Thursday, January 17, 2008

Feel Better for a Dollar.


A trigger point is "a highly irritable localized spot of exquisite tenderness in a nodule in a palpable taut band of muscle tissue." In firefighter terms...It's a knot.

When the muscle fibers are over-stimulated you get a trigger point and the muscles remain in a contracted state, producing pain. Sometimes trigger points can also produce referred pain elsewhere in the body.

Foam rolling can take care of some of those knots and I'm a big fan of them, but sometimes you just have to go deeper and thats where a good ole tennis ball comes in.

A tennis ball gives you the advantage of being much more focused with your soft tissue work compared to a foam roller and allows you to really get in those hard to reach trigger points. You'll know when you've reached it trust me.

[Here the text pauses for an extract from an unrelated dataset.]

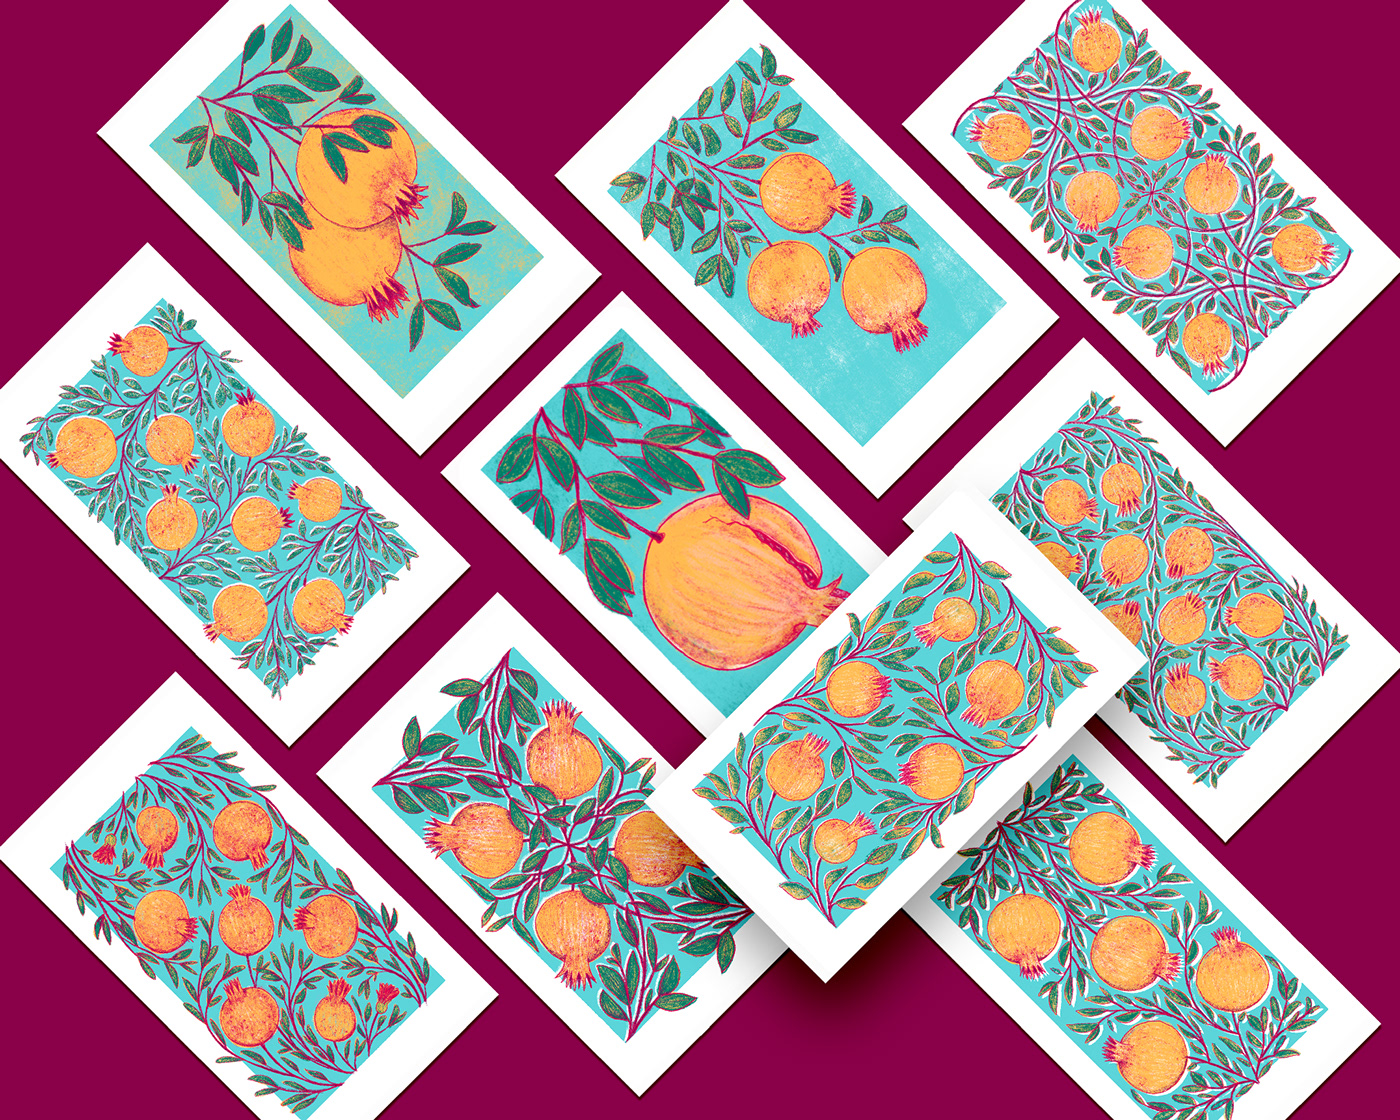 Baralho botanica pintura digital plantas Playing Cards taro tarot Tarot Cards tarot deck

At the bottom of the foot, exists the plantar surface (plantar fascia) which is often the source of trouble that communicates up through the rest of the line, referred to as the Superficial Back Line.

The Superficial Back Line (SBL) is a continuous line of myofascial connections which run up the back of the body from the underside of the toes to the forehead.

By manipulating the fascia at the bottom of the feet, you change the status of the fascia all around the body and in a sense, there's a "systemic release" and everything lets go...from the bottom of the feet to the forehead

Just get a tennis ball and start rolling one foot at a time. When you feel a painful spot stop and hold it till you get a release or a 75% reduction of the discomfort.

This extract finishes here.